Evolutionary generation of neural network classifiers-An empirical comparison

  • Authors:
  • M. Castellani

  • Affiliations:
  • Theoretical Ecology Group, Department of Biology, University of Bergen, Postboks 7803, 5020 Bergen, Norway

  • Venue:
  • Neurocomputing
  • Year:
  • 2013

Quantified Score

Hi-index 0.01

Visualization

Abstract

Most methods for the evolutionary generation of multi-layer perceptron classifiers use a divide-and-conquer strategy, where the tasks of feature selection, structure design, and weight training are performed separately. The concurrent evolution of the whole classifier has been seldom attempted and its effectiveness has never been exhaustively benchmarked. This paper presents an experimental study on the merits of this latter approach. Two schemes were investigated. The first method evolves simultaneously the neural network structure and input feature vector, and trains via a standard learning procedure the candidate solutions (wrapper approach). The second method evolves simultaneously the whole classifier (embedded approach). The performance of these two algorithms was compared to that of two manual and two automatic neural network optimisation techniques on thirteen well-known pattern recognition benchmarks.

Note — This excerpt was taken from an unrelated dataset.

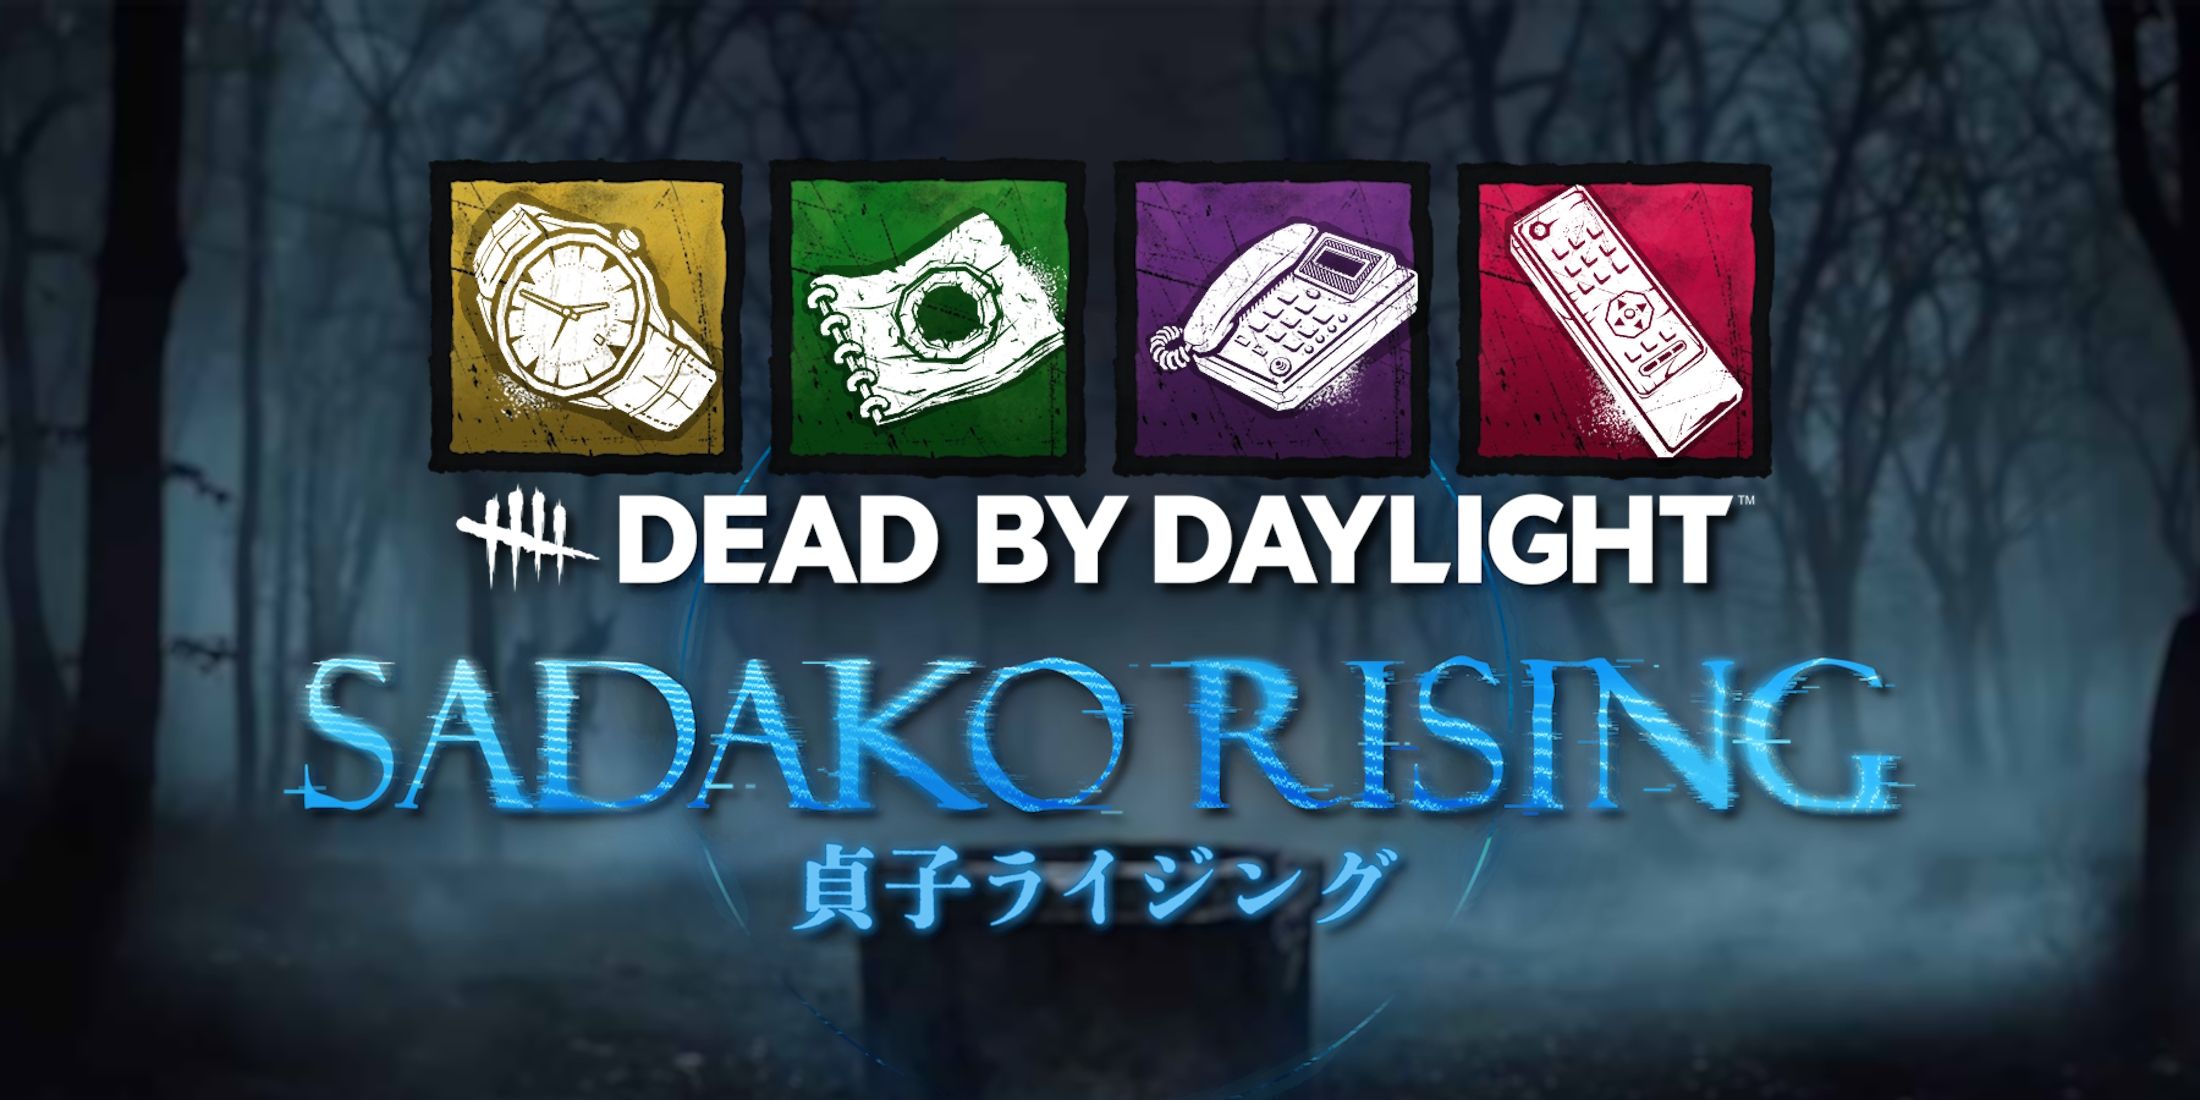 dead by daylight sadako rising logo best addons

The experimental results revealed the specific strengths and weaknesses of the six algorithms. Overall, the evolutionary embedded method obtained good results in terms of classification accuracy and compactness of the solutions. The tests indicated that the outcome of the feature selection task has a major impact on the accuracy and compactness of the solutions. Evolutionary algorithms perform best on feature spaces of small and medium size, and were the most effective at rejecting redundant features. Classical filter-based algorithms based on feature correlation are preferable on undersampled data sets. Correlation- and saliency-based selection was the most effective method in the presence of a large number of irrelevant features. The applicability and performance of the wrapper algorithm was severely limited by the computational costs of the approach.